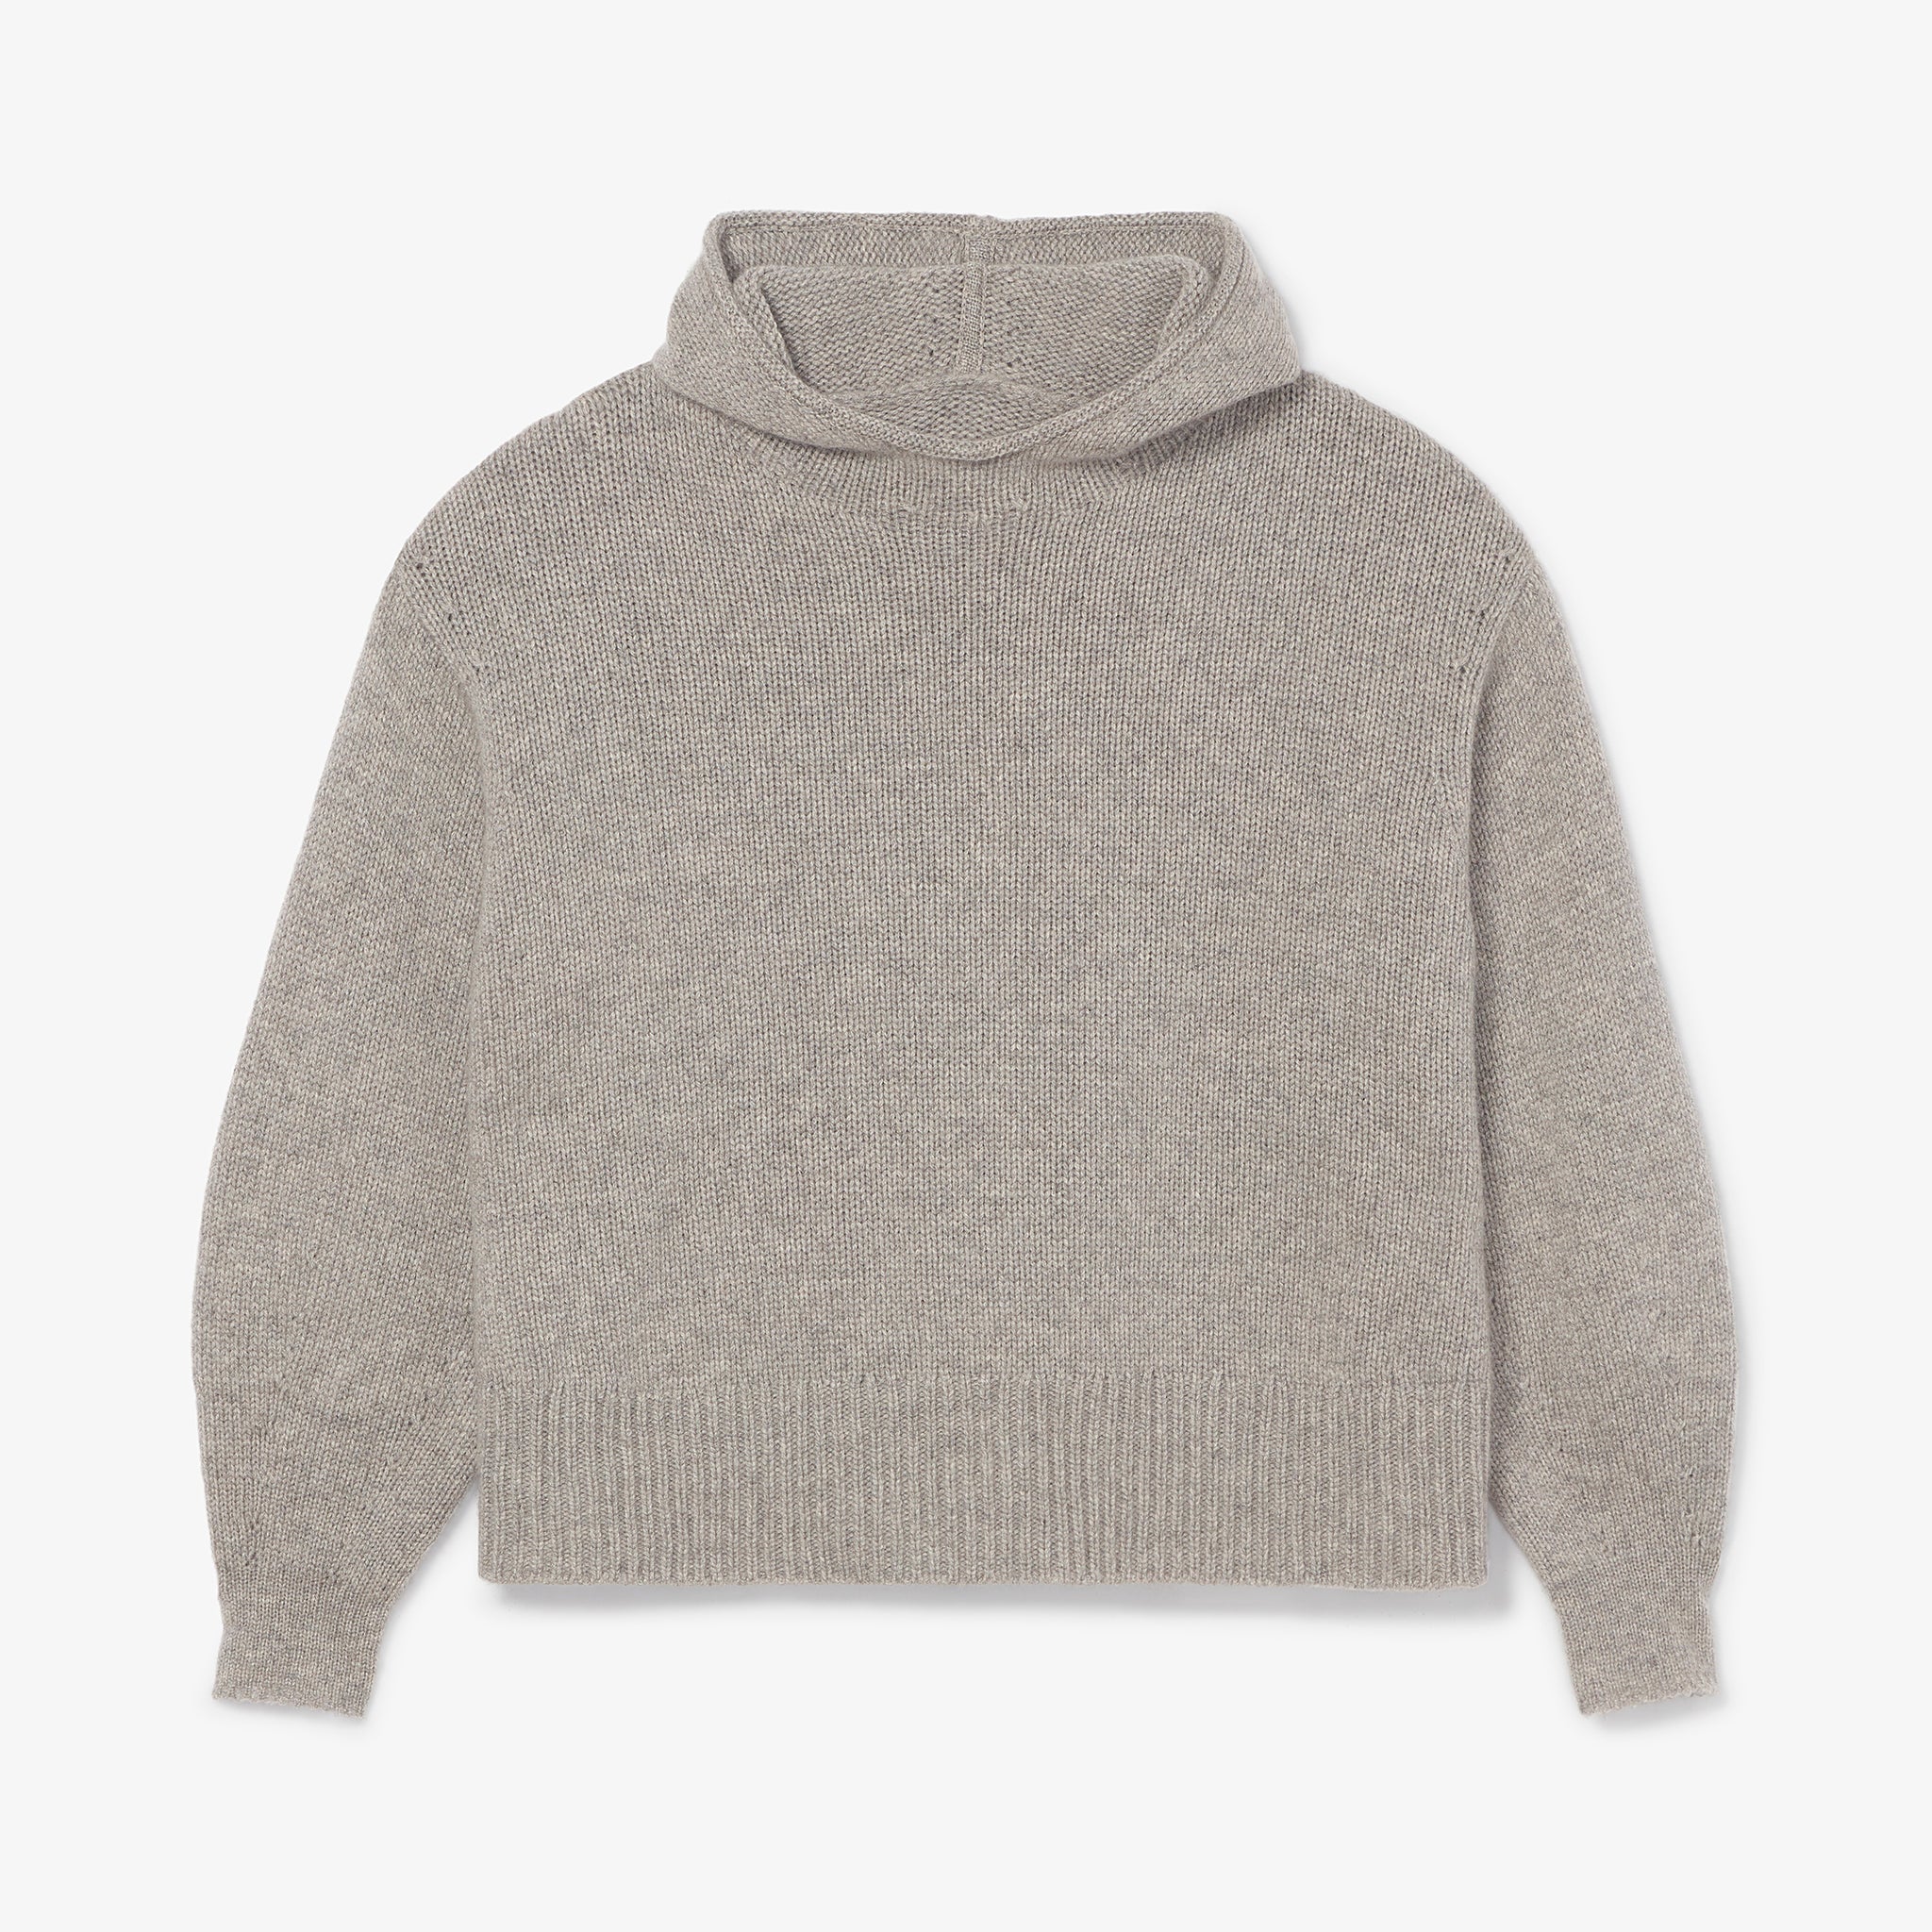 Packshot image of the thomas sweater in stormcloud
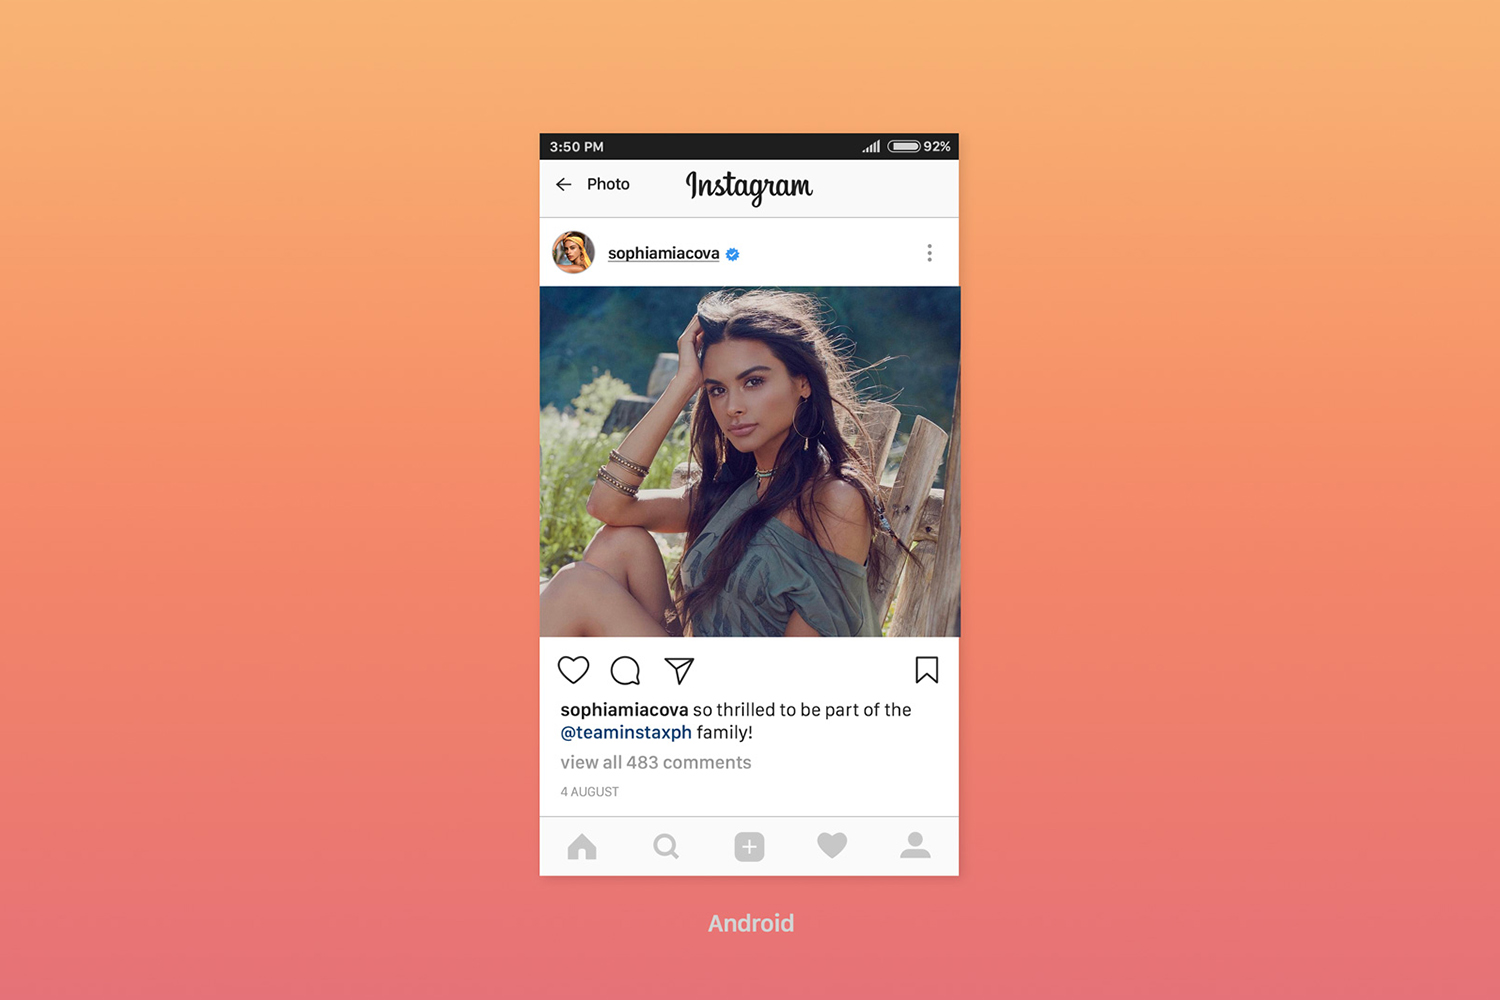 Instagram Feed Screen UI Mockup Free Download
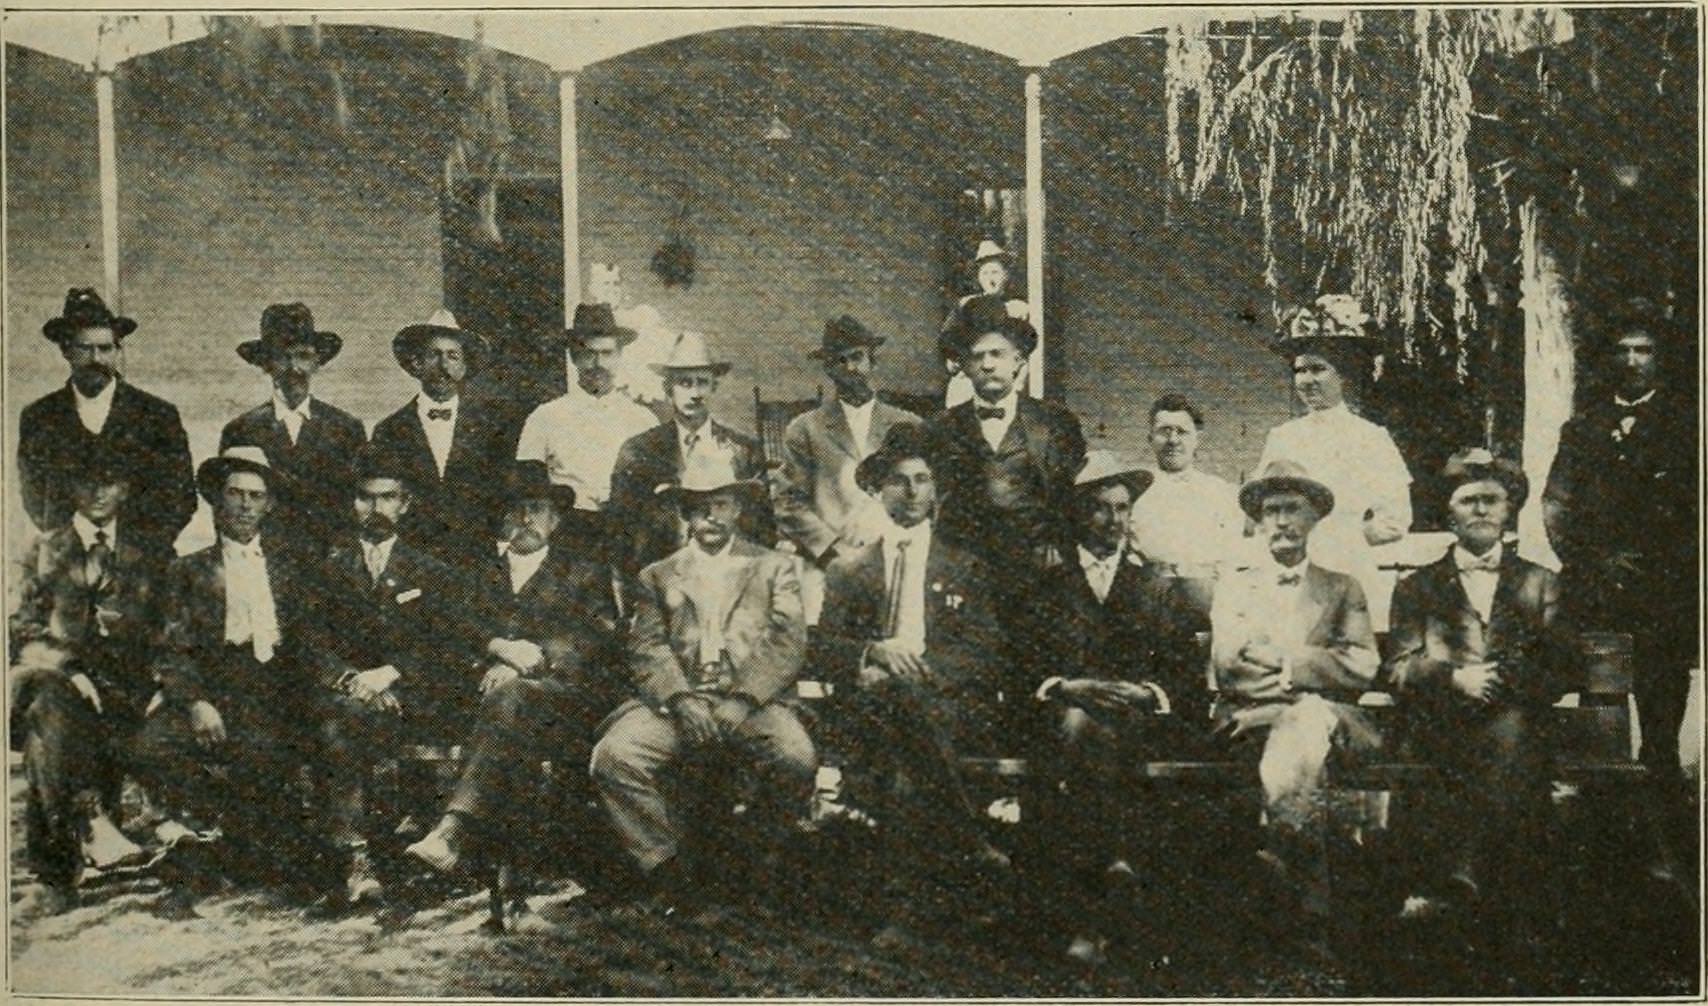 Pecos_Valley_Bee-keepers_Association_1910.jpg

EXERCISE GOAL
Would you transcribe all of the data exactly, apart from its pictures?

ANSWER SECTION
 Packshot image of the thomas sweater in stormcloud
 Instagram Feed Screen UI Mockup Free Download
 Pecos_Valley_Bee-keepers_Association_1910.jpg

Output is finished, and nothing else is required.